Monastery information
- Full name: The Abbey Church of the Blessed Mary and St Bernard
- Other name: "locus beate Marie" ("the place of the Blessed Mary")
- Order: Augustinian Canonesses regular
- Established: 1229
- Disestablished: 1539
- Dedication: Virgin Mary
- Diocese: Salisbury

People
- Founder: Ela, 3rd Countess of Salisbury

Site
- Location: Lacock, Wiltshire, England
- Visible remains: most extensive remains of a medieval nunnery in England, but church demolished
- Public access: National Trust

= Lacock Abbey (monastery) =

Monastery in Wiltshire, England

This article relates to the period when Lacock Abbey was an Augustinian nunnery. For the history of the abbey from the Reformation to the present day, see Lacock Abbey.

Lacock Abbey was a monastery founded at Lacock, in the English county of Wiltshire, in the early 13th century by Ela, Countess of Salisbury, as a house of Augustinian canonesses regular. It was seized by the crown in 1539 during the dissolution of the monasteries under Henry VIII. The building then became a country house, Lacock Abbey, notable as the site of Henry Fox Talbot's early experiments in photography.
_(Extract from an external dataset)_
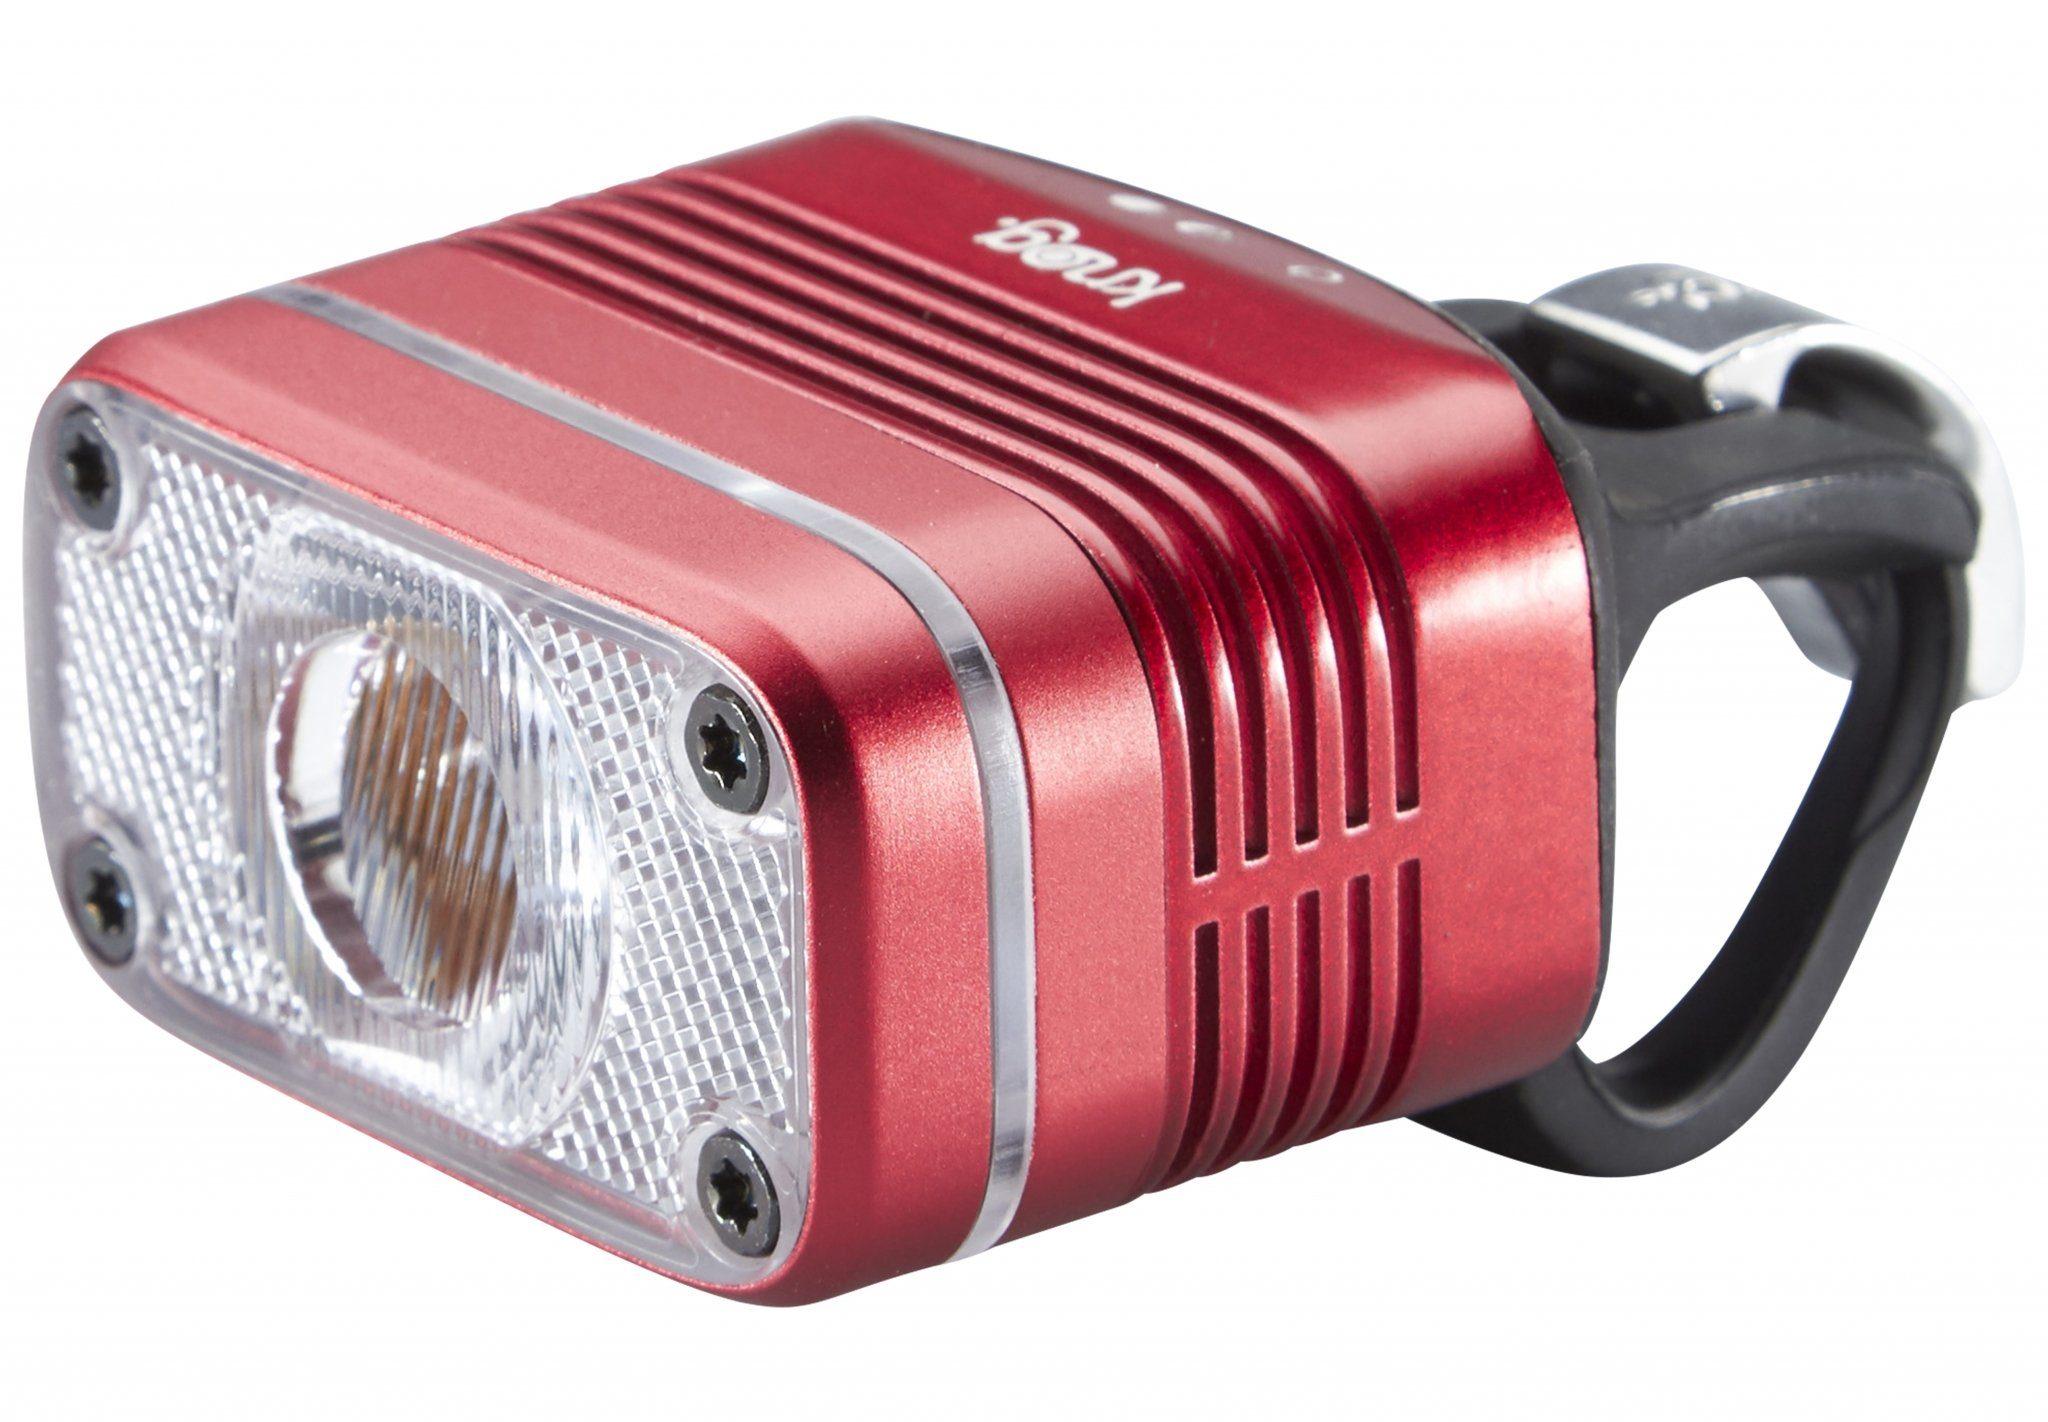 Knog Fahrradbeleuchtung »Knog Blinder Beam 220 Frontlicht StVZO weiße LED«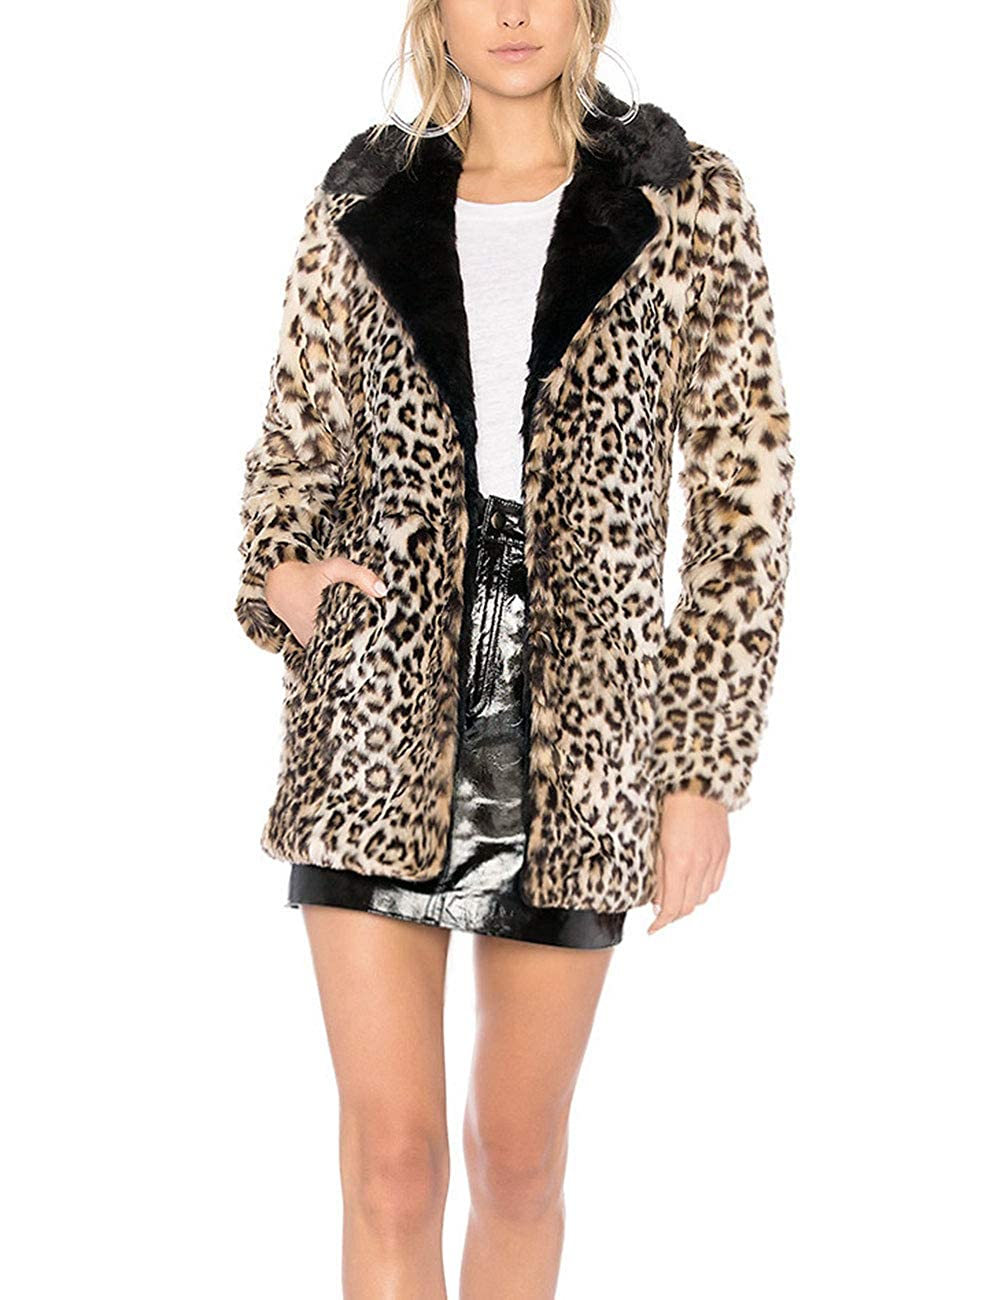 ZLSLZ Womens Ladies Winter Faux Fur Slim Leopard Furry Mid Length Parka Jacket Coat

==Foundation and founder==
It seems that the monastery's foundation was resolved upon by Ela, Countess of Salisbury in 1226. Ela was the only child and the heir of William FitzPatrick, 2nd Earl of Salisbury, and at his death, when still a child, she became Countess of Salisbury in her own right. At the age of nine she had been married to William Longespée, an illegitimate son of King Henry II.

It was shortly after her husband's death that Countess Ela decided on the foundation. Her eldest son, also William, being a minor, the plan was delayed until he could give his consent. However, in 1229, the foundress made her move by giving her manor of Lacock, together with the moiety of the advowson of the church, to God and the Blessed Mary and St Bernard, toward the building there of an abbey of nuns to be called "locus beate Marie" ("the place of the Blessed Mary"). She had the consent of her son, and the foundation was subsequently confirmed by charters of Henry III, on 31 January 1230 and 26 February following.

Countess Ela laid the abbey's first stone on 16 April 1232 at a site on Snail's Meadow ("Snaylesmede"), lying between the village and the River Avon. The first nuns were veiled that same year, beginning with Alicia Garinges, who was probably previously a nun of the English Augustinian house Goring Priory, Oxfordshire, a house which had been established before 1181. When Burnham Abbey was established in Buckinghamshire in 1265/6 by Richard, Earl of Cornwall, an entire community of nuns was brought from Goring.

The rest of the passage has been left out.